In the beginning, there was mass marketing. Companies promoted new products and services to all their customers, regardless of whether those products or services were appropriate for the individuals on the company's mailing list. When a bank launched a mass marketing campaign, a 1 percent to 3 percent response rate was considered successful. Some success.
If the average direct-mail campaign costs a company about US$98,000 to reach 100,000 customers, according to estimates from the New York City-based Direct Marketing Association, that organisation is netting a huge loss.

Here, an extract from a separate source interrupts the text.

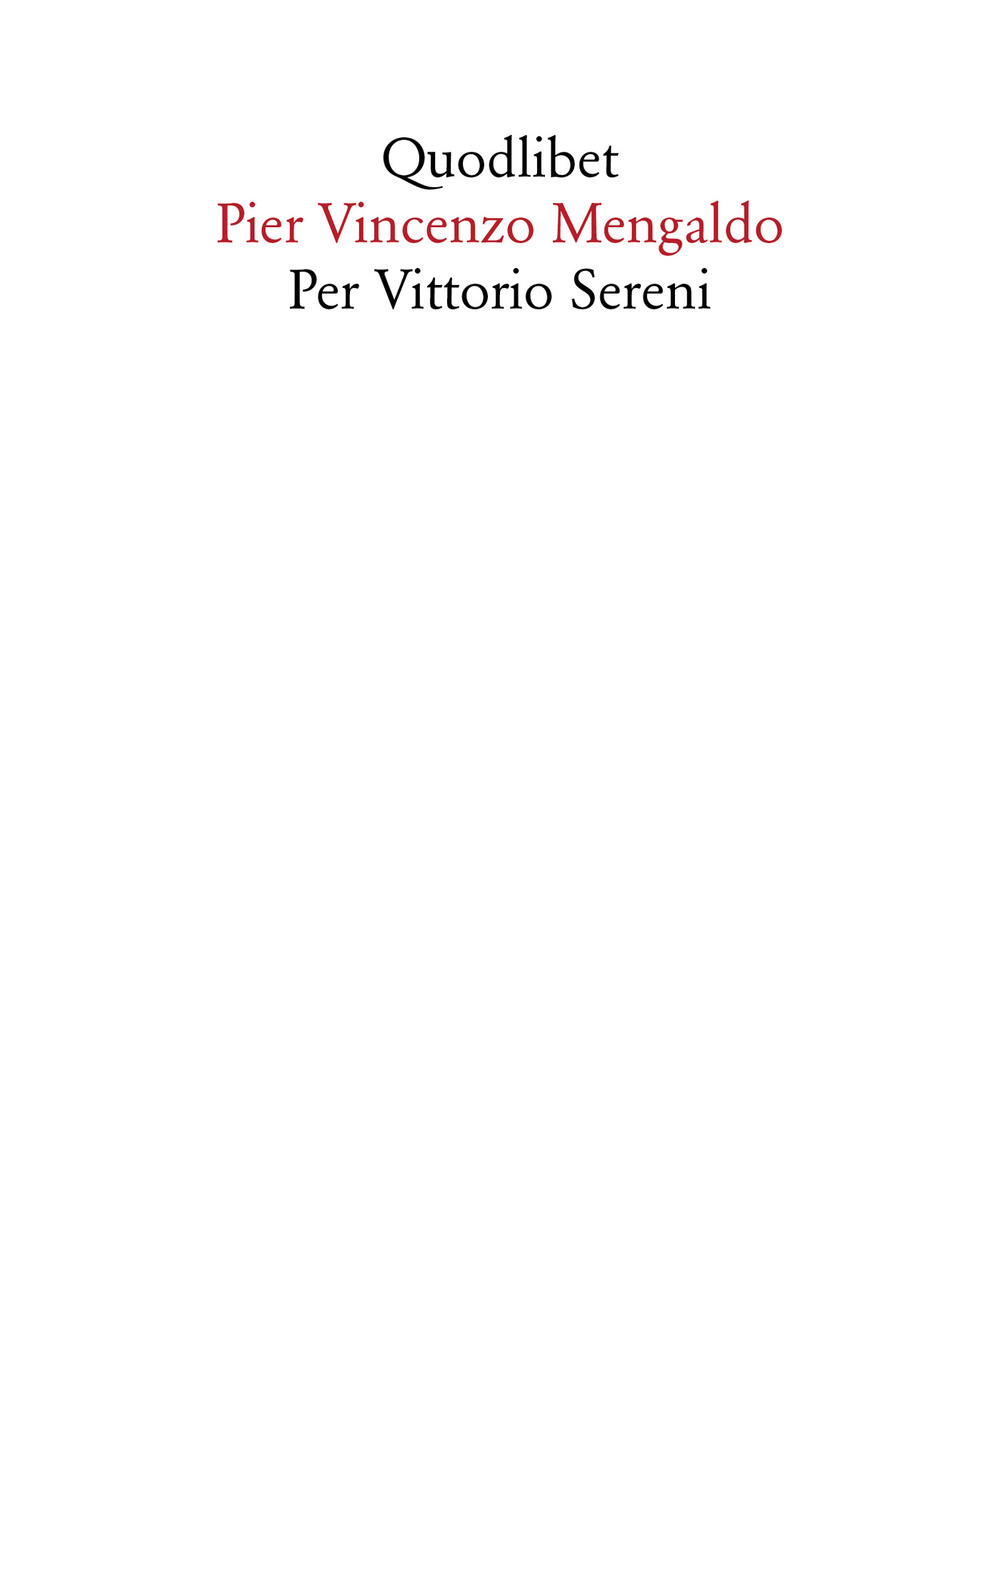 PER VITTORIO SERENI - 9788822906953

Today there's customer segmentation. Instead of devising one campaign for thousands of disparate customers, a company breaks those thousands into smaller demographic segments and tailors its campaigns to each of those segments. Technologies such as data modelling, warehousing and mining, and a whole lot of algorithms enable businesses to look at consumer buying patterns and channel preferences and to slice their segments ever finer.
Sounds great, right? The more you know about your customers, the better you can serve and sell them. Piece of cake.

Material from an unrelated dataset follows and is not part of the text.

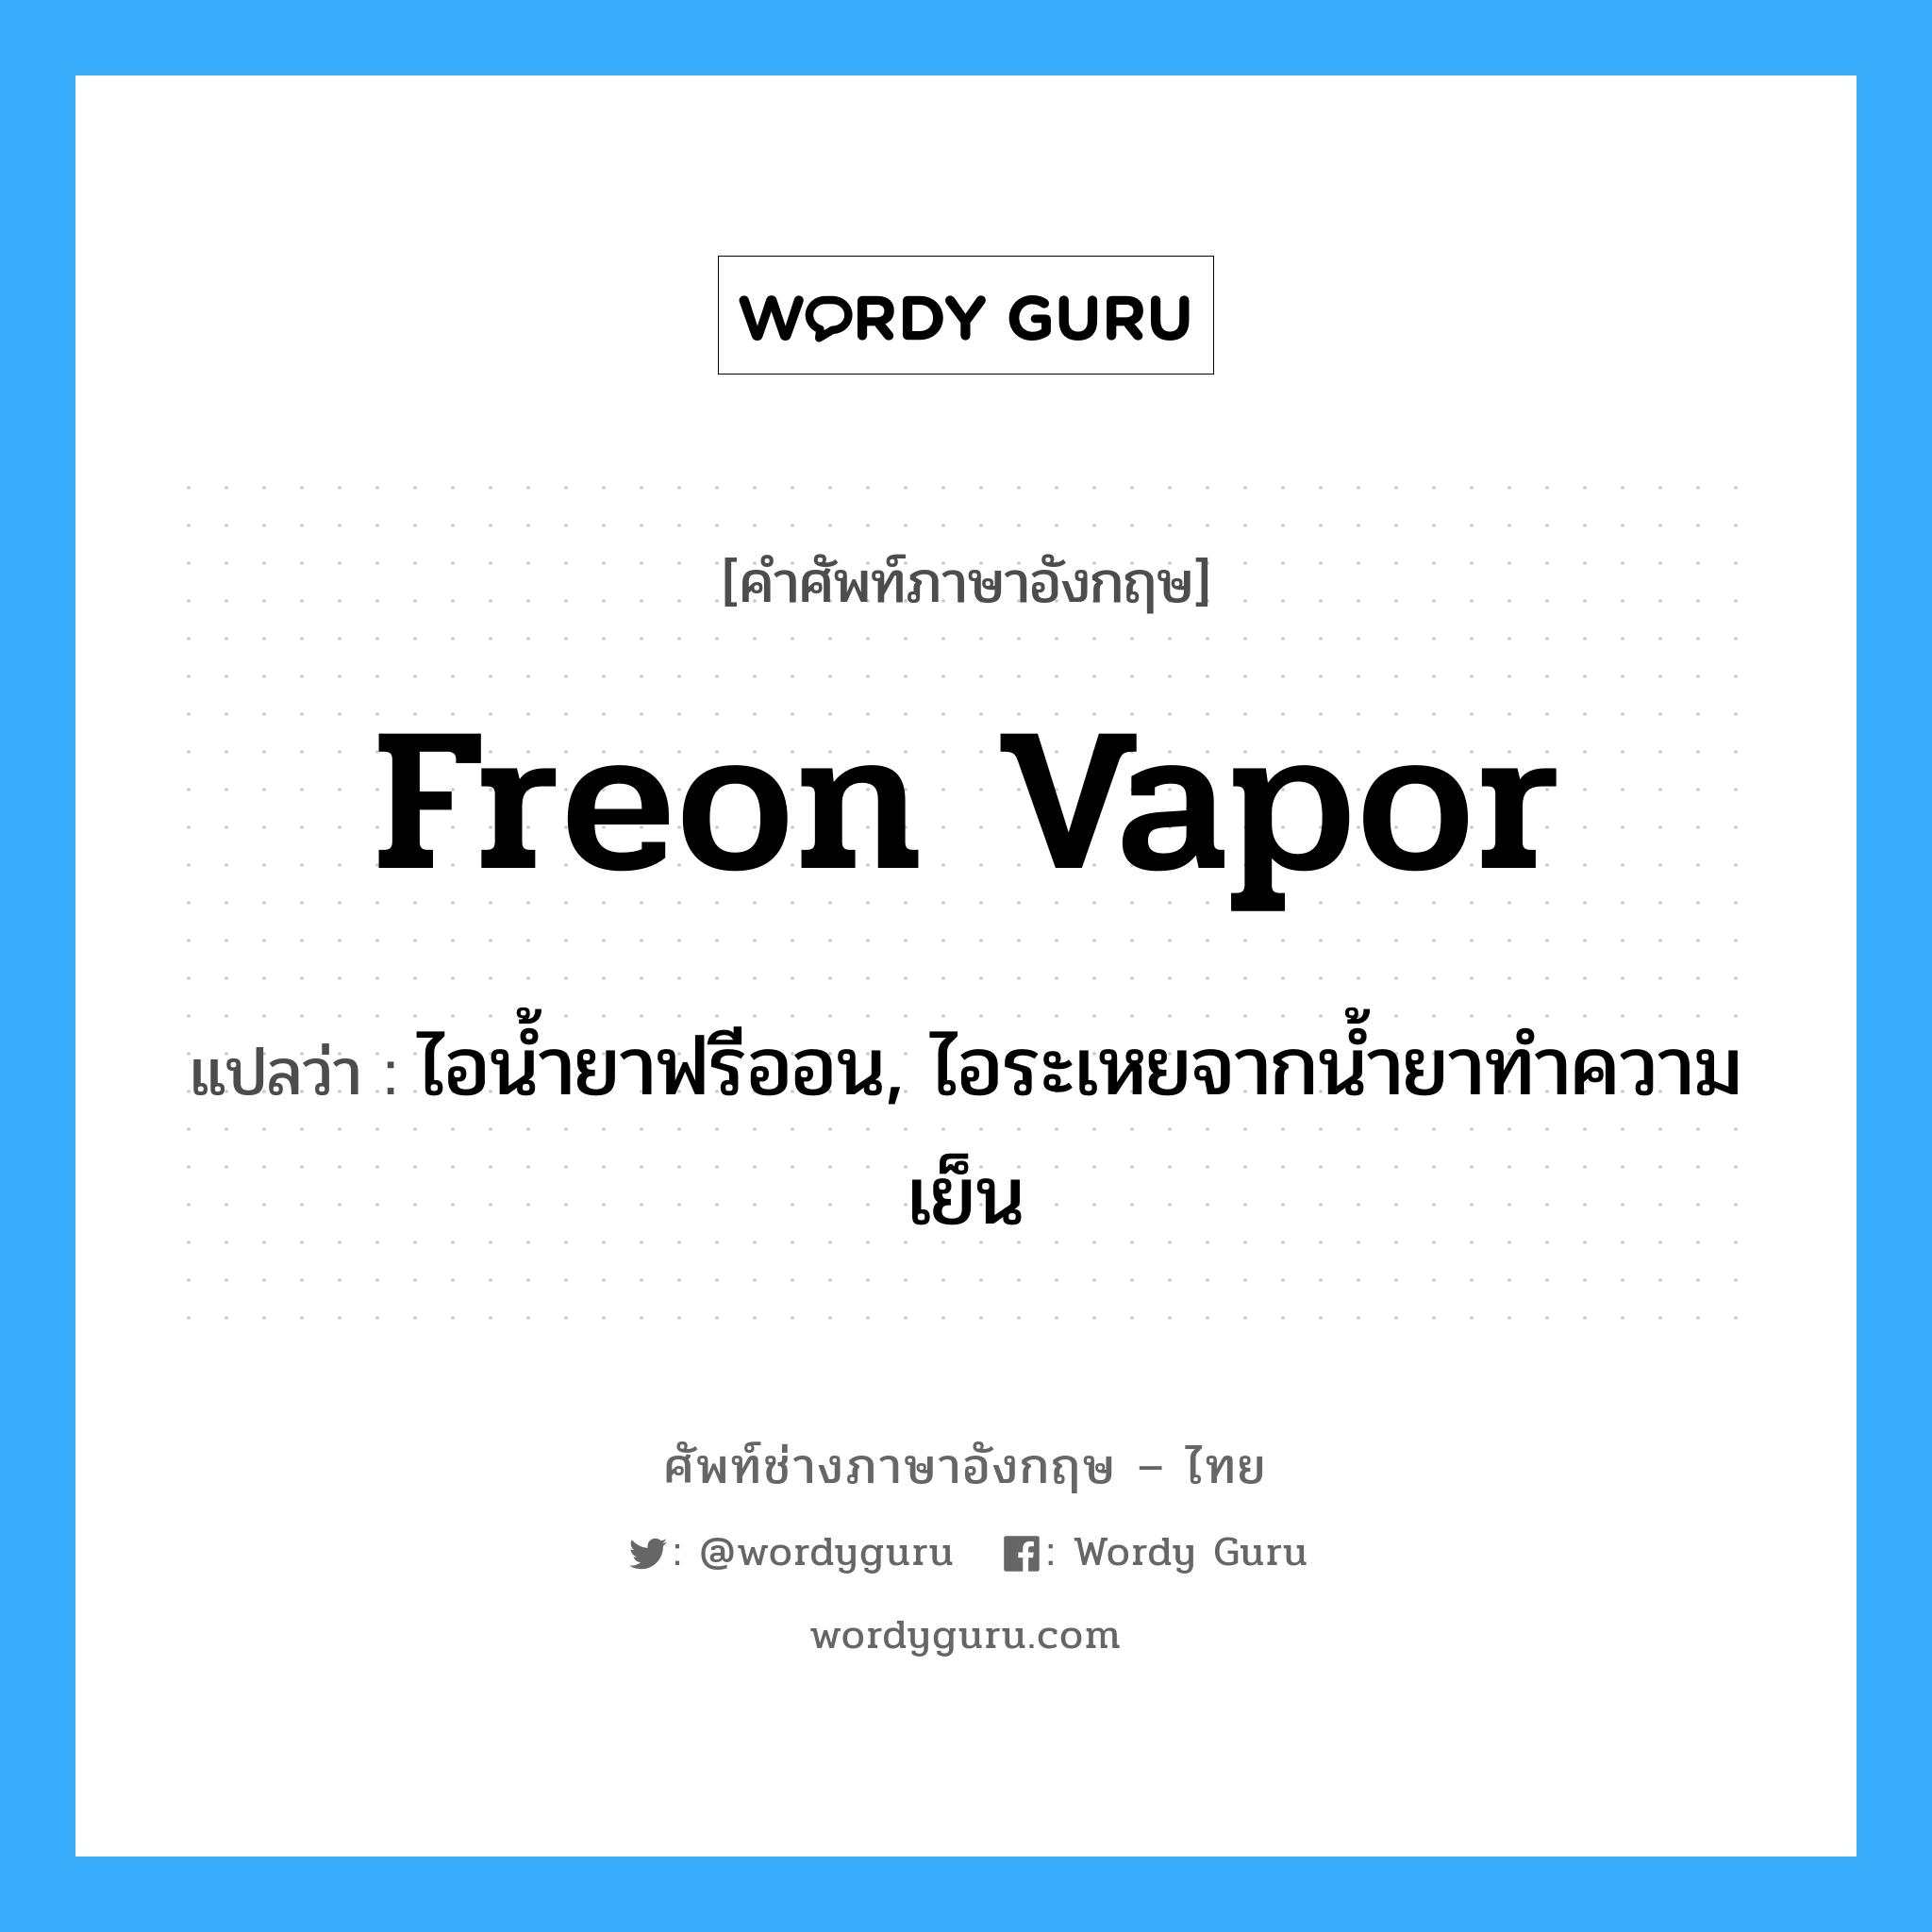 freon vapor แปลว่า?, คำศัพท์ช่างภาษาอังกฤษ - ไทย freon vapor คำศัพท์ภาษาอังกฤษ freon vapor แปลว่า ไอน้ำยาฟรีออน, ไอระเหยจากน้ำยาทำความเย็น

Too bad it's not. Customer segmentation is hard work. It involves:
-- Consolidation of customer information from a variety of systems that may be integrated or siloed (such as in ERP or legacy systems) -- Brilliant statisticians to define algorithms that will analyse mountains of data in order to sort customers into various segments (for example, good business analysts) -- Collaboration between marketing and IT (because information isn't worth a damn unless you know how to use it) -- A robust infrastructure for aggregating, storing, processing and disseminating information about customers to the appropriate businesspeople (hello, knowledge management) Analysts and practitioners in the marketing departments of the Fortune 1000 view customer segmentation as a great way to reach consumers, but few companies do it effectively or can boast much success.
Barbara Bund, a senior lecturer at MIT's Sloan School of Management, believes that segmentation hasn't served companies well because they haven't thought through the types of segments that would best serve their mission. "You have to understand why you're segmenting your customers a certain way and why that way makes sense for your business," she says.
For example, the MIT teacher and marketing guru says consumer electronics companies tend to segment their customers by age and income. But she doesn't believe that data has much bearing on the way people buy items like CD players and televisions. Bund says they should divide their customers between those who are comfortable with high-tech gadgets and are thinking about the next generation of handheld computers and those who are watching the VCRs in their living rooms blink 12:00...12:00...12:00.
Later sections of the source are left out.